Choosing the Right Unique ID Strategy: From DB Auto‑Increment to Snowflake

This article reviews common unique identifier generation techniques—including database auto‑increment, UUID, Redis counters, Snowflake, Zookeeper, and MongoDB ObjectId—detailing their advantages, drawbacks, and practical implementation examples with C# code snippets.

Java Backend Technology
Java Backend Technology
Java Backend Technology
Choosing the Right Unique ID Strategy: From DB Auto‑Increment to Snowflake

1. Database Auto‑Increment Sequence or Field

Most common method, uses the database to guarantee uniqueness across the whole database.

Advantages:

Simple, easy to code, acceptable performance.

Numeric IDs are naturally ordered, helpful for pagination or sorting.

Disadvantages:

Different DB syntaxes; migration can be painful.

Single master becomes a single point of failure in master‑slave setups.

Scalability issues under high load.

Complex when merging systems or sharding.

Optimization: In multi‑master environments assign different start values and same step size to each master, e.g., Master1 generates 1,4,7…, Master2 generates 2,5,8…, etc.

2. UUID

Common method, can be generated by DB or program, globally unique.

Advantages:

Simple, easy to code.

Very good generation performance.

Globally unique, eases data migration and system merging.

Disadvantages:

No natural ordering.

Usually stored as strings, query performance lower.

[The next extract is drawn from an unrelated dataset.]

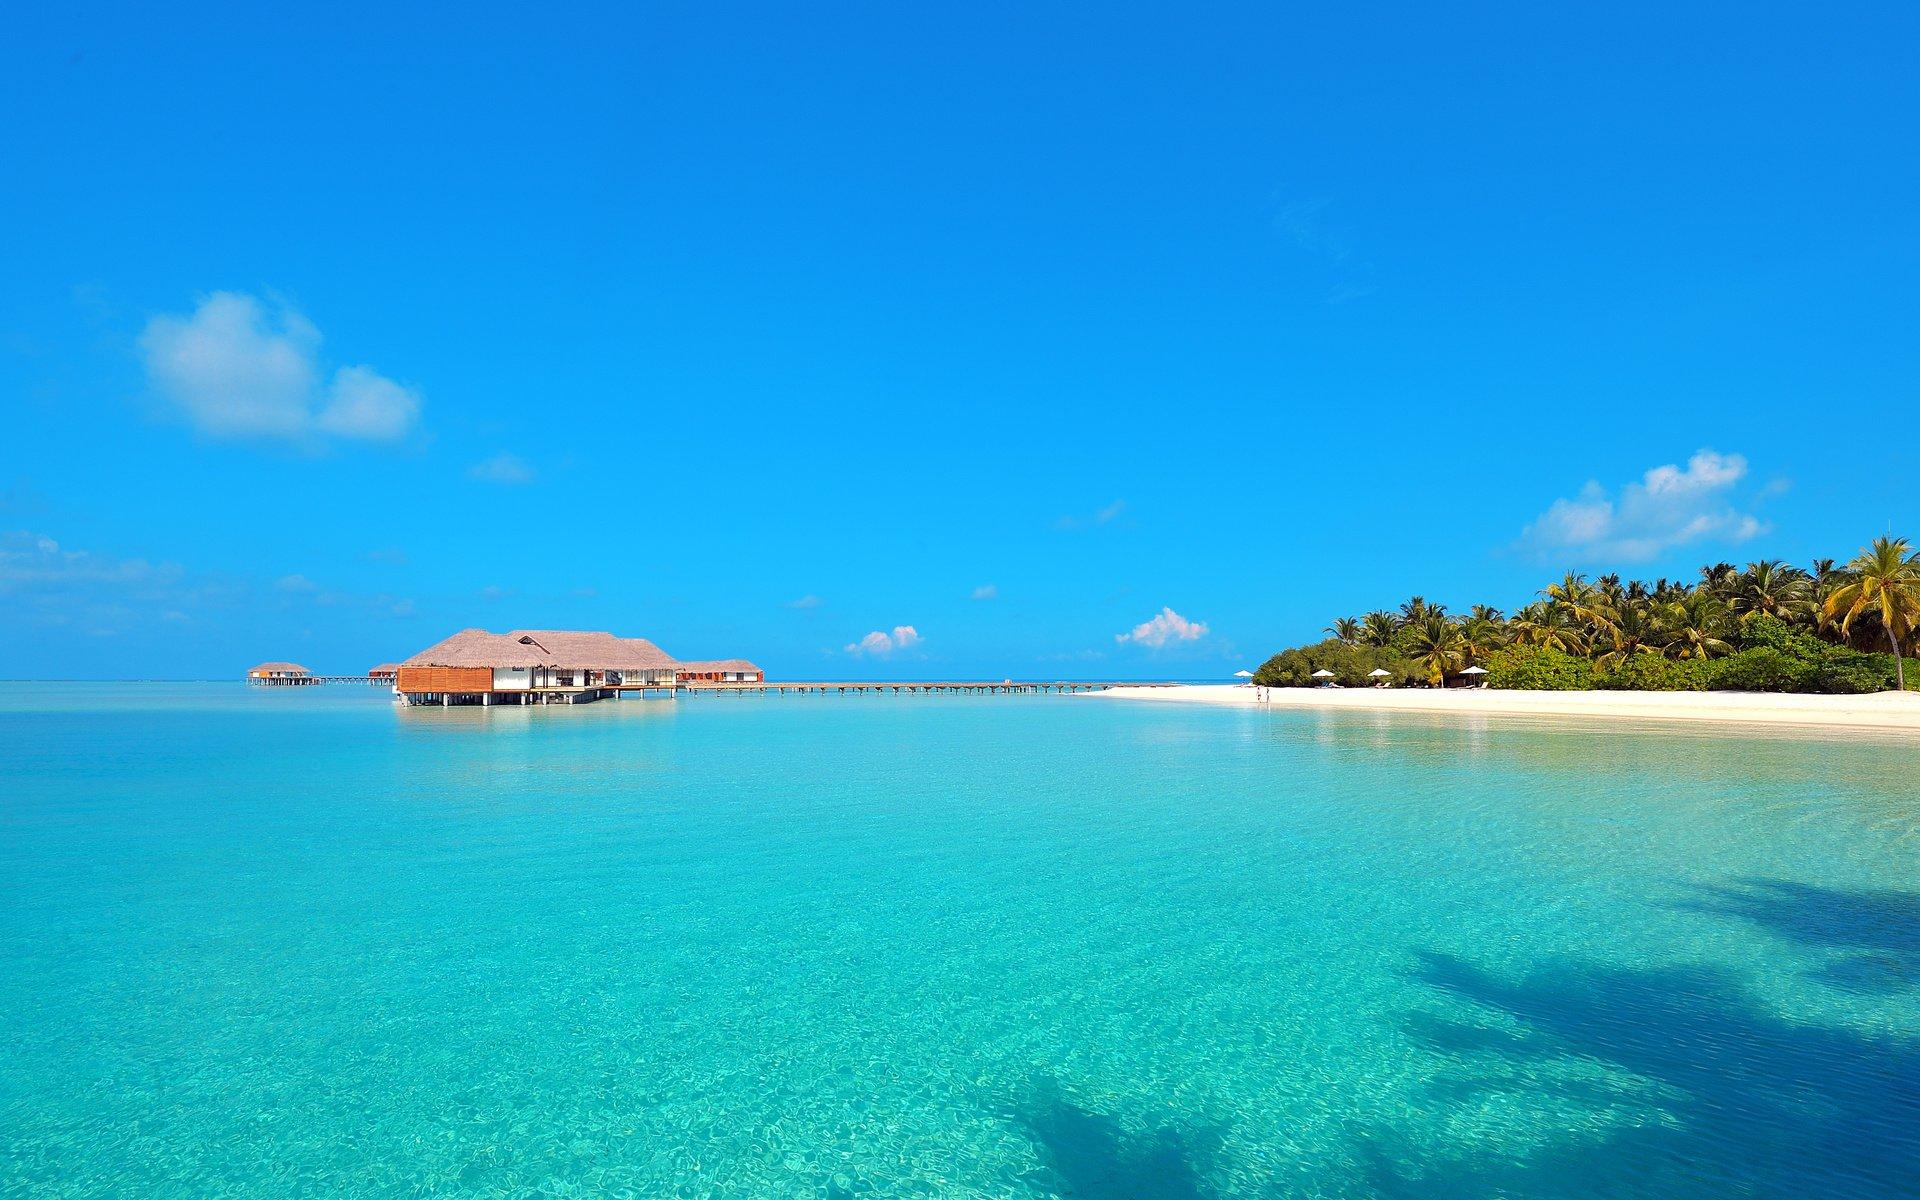 Мальдивы картинка обои

Large storage footprint, high transmission cost.

Not human‑readable.

3. UUID Variants

To improve readability, convert UUID to Int64:

public static long GuidToInt64()
{
    byte[] bytes = Guid.NewGuid().ToByteArray();
    return BitConverter.ToInt64(bytes, 0);
}

NHibernate’s COMB algorithm combines GUID with timestamp to retain ordering:

private Guid GenerateComb()
{
    byte[] guidArray = Guid.NewGuid().ToByteArray();
    DateTime baseDate = new DateTime(1900,1,1);
    DateTime now = DateTime.Now;
    TimeSpan days = new TimeSpan(now.Ticks - baseDate.Ticks);
    TimeSpan msecs = now.TimeOfDay;
    byte[] daysArray = BitConverter.GetBytes(days.Days);
    byte[] msecsArray = BitConverter.GetBytes((long)(msecs.TotalMilliseconds / 3.333333));
    Array.Reverse(daysArray);
    Array.Reverse(msecsArray);
    Array.Copy(daysArray, daysArray.Length-2, guidArray, guidArray.Length-6, 2);
    Array.Copy(msecsArray, msecsArray.Length-4, guidArray, guidArray.Length-4, 4);
    return new Guid(guidArray);
}

Result illustration:

4. Redis ID Generation

When database performance is insufficient, Redis can generate IDs using atomic INCR/INCRBY. In a cluster, each node can be initialized with a different start value and step equal to the number of nodes, ensuring unique IDs across the cluster.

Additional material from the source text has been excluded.